7x7
- Website type: News website
- Available in: 2 languages
- List of languages Russian, English
- Predecessors: Interregional Internet magazine "7x7": news, opinions, blogs
- Country of origin: Russia
- Owner: Leonid Zilberg
- Editor: Oleg Grigorenko
- Website: semnasem.org
- Launched: 2010; 16 years ago
- Current status: Active

= 7x7 (website) =

Russian news website

7x7. Horizontal Russia (Seven by seven) is a Russian independent news website based in the Komi Republic and operating in 31 regions of the European part of Russia.

== Content ==
The name of the website is a reference to the original homepage design, which had seven columns and seven rows.

As of August 2020, the website operates in 31 out of 85 regions of Russia; these are the regions of the European part without million-person cities and the North Caucasus and the South of Russia.

The website has a news section written by professional journalists and an opinion section written by community and civil activists.

The main topics of publications are politics, human rights and ecology.

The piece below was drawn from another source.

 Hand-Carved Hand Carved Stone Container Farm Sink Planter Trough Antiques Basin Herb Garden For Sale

In particular, the website publishes materials about corruption and torture in prisons and social materials (for example, a video about one day in the life of a disabled person).

The authors of the website are generally critical of the Russian regional and federal authorities.

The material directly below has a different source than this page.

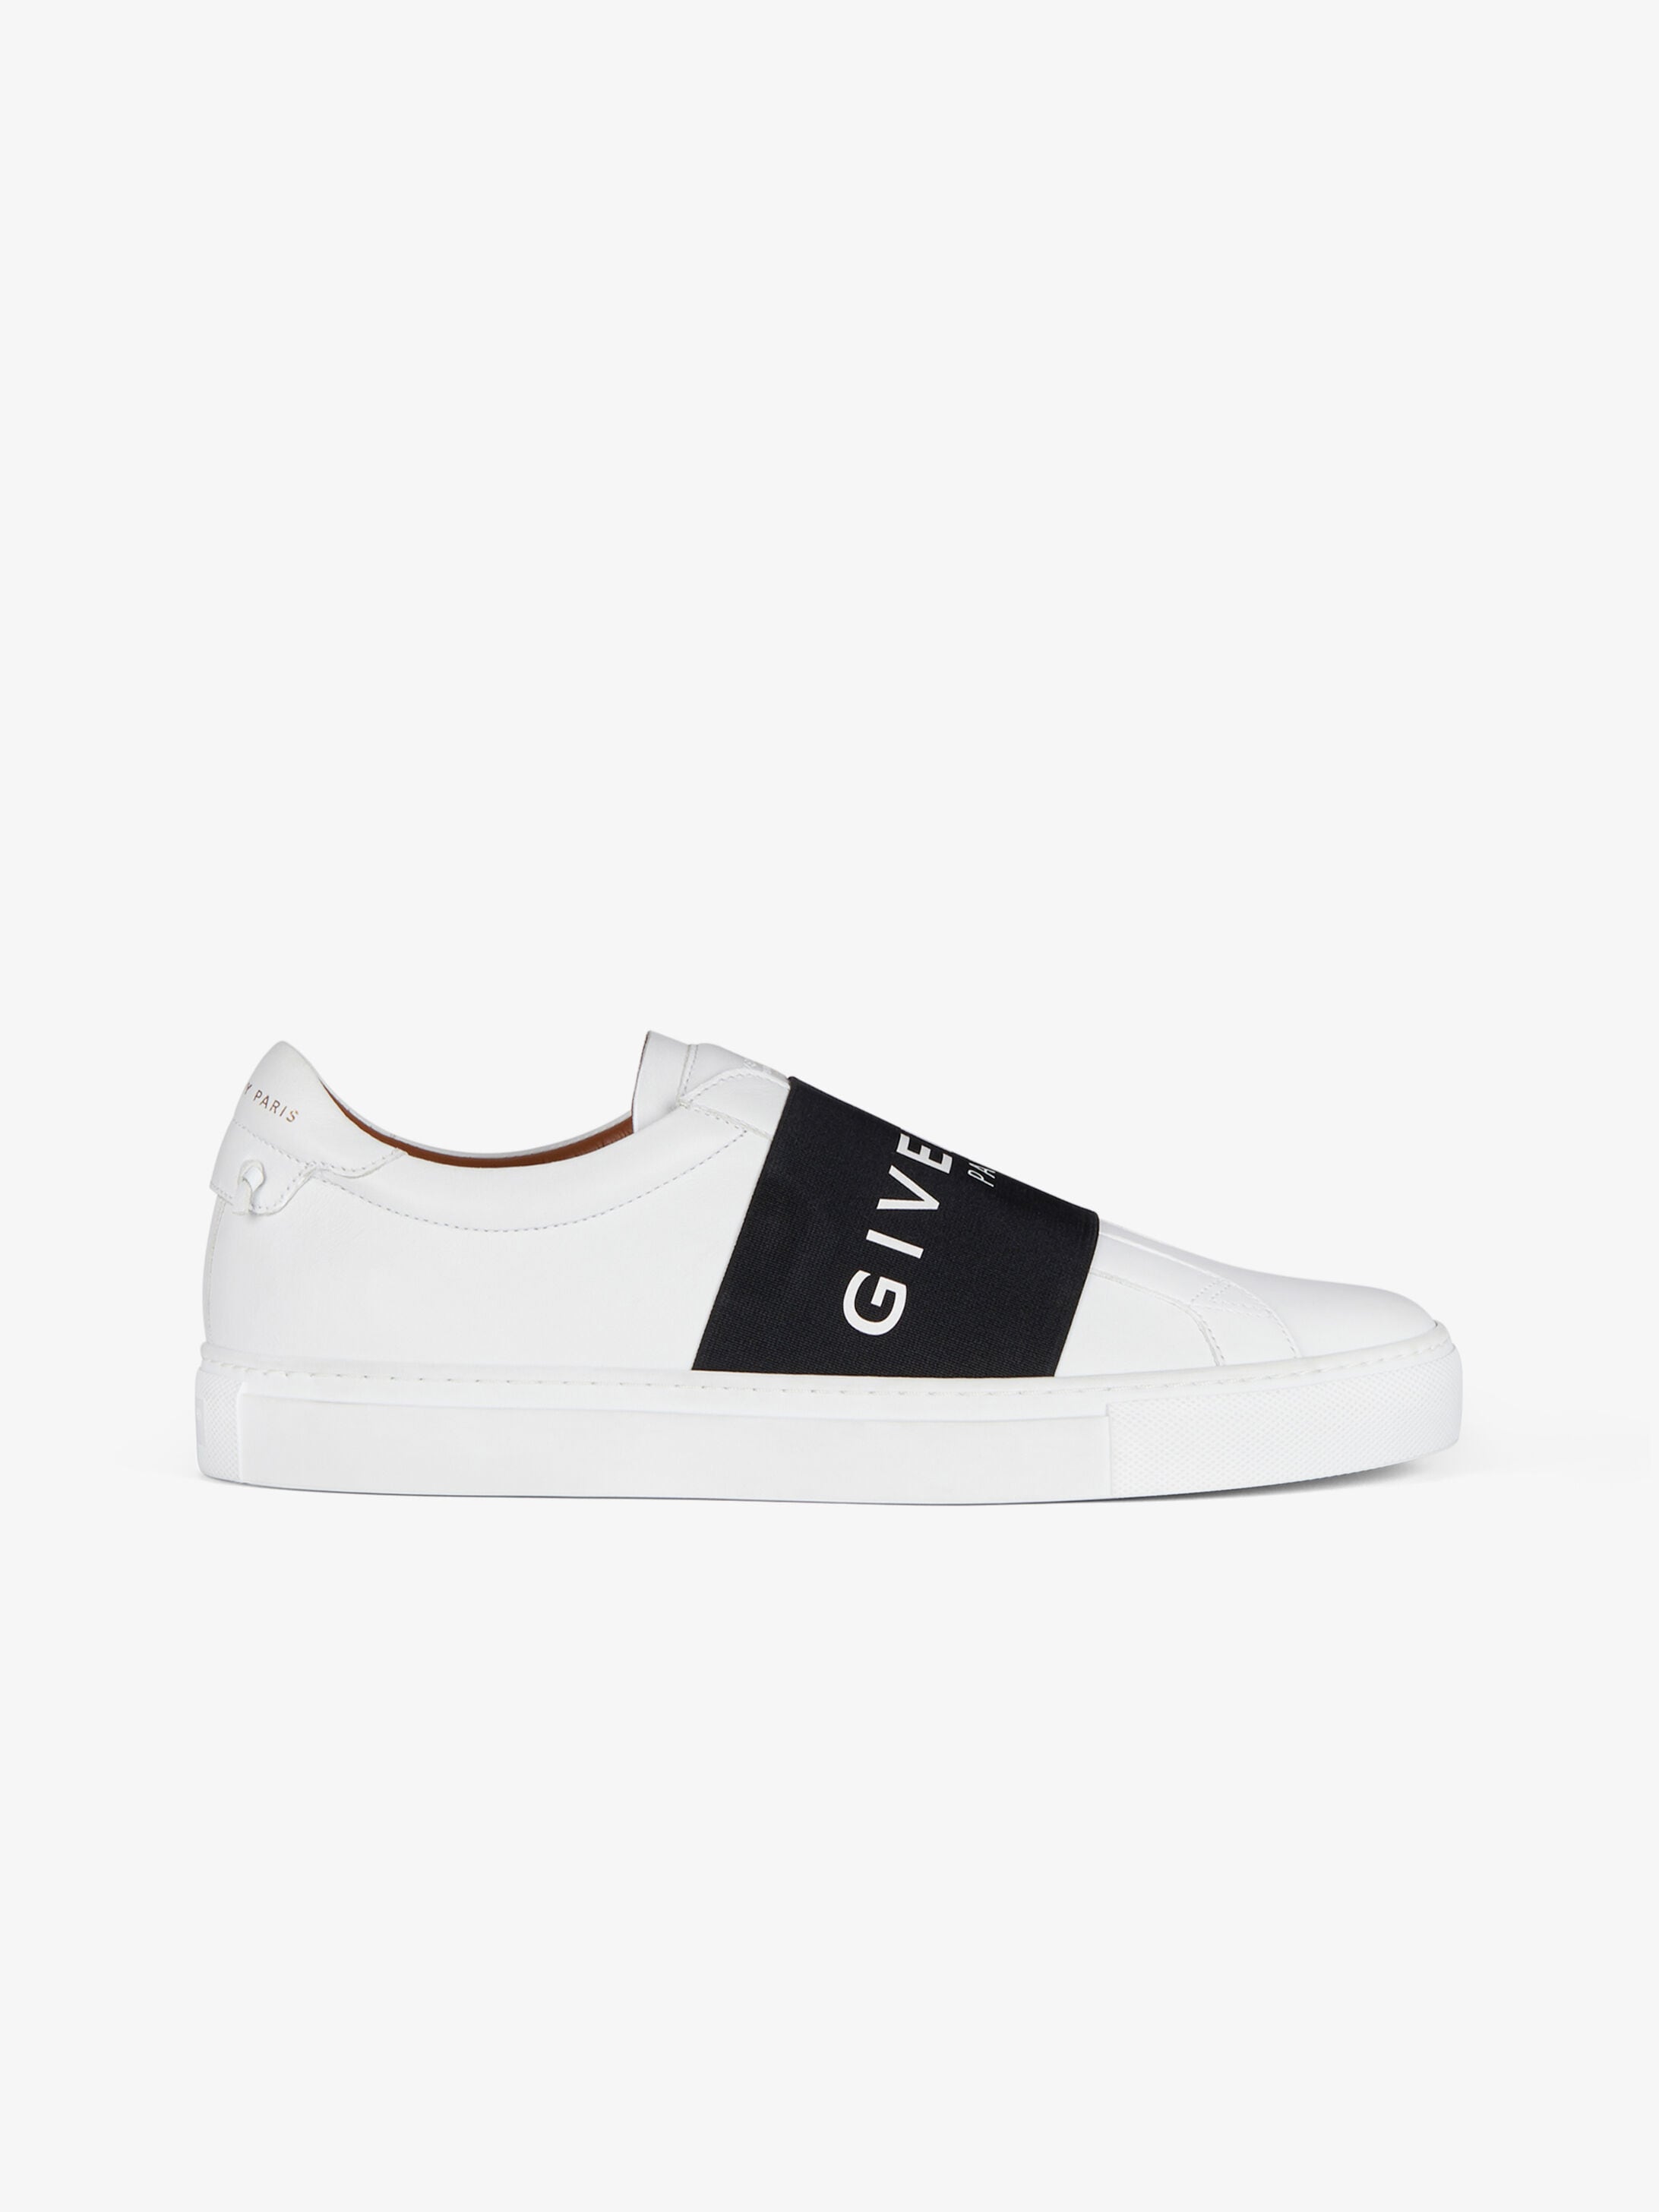 givenchy black sneakers

The website has a blog platform with the ability to comment on materials, a YouTube channel, a “Live” section about events that do not need comments, a “Longreads” section, an English version and a mobile version of the website.

In Spain, a website with a similar name and logo publishes a daily newsletter covering world events in Spanish. The platform focuses on providing a concise overview of global affairs, offering readers key insights into international news. This Spanish version operates independently of the Russian '7x7,' catering specifically to Spanish-speaking audiences interested in timely world updates.

== History ==
The website was founded in 2010 in the city of Syktyvkar, Komi Republic, under the name "Interregional Internet magazine "7x7": news, opinions, blogs". The founder was a group of local public figures and entrepreneurs, including Leonid Zilberg and Alexander Ostrovsky.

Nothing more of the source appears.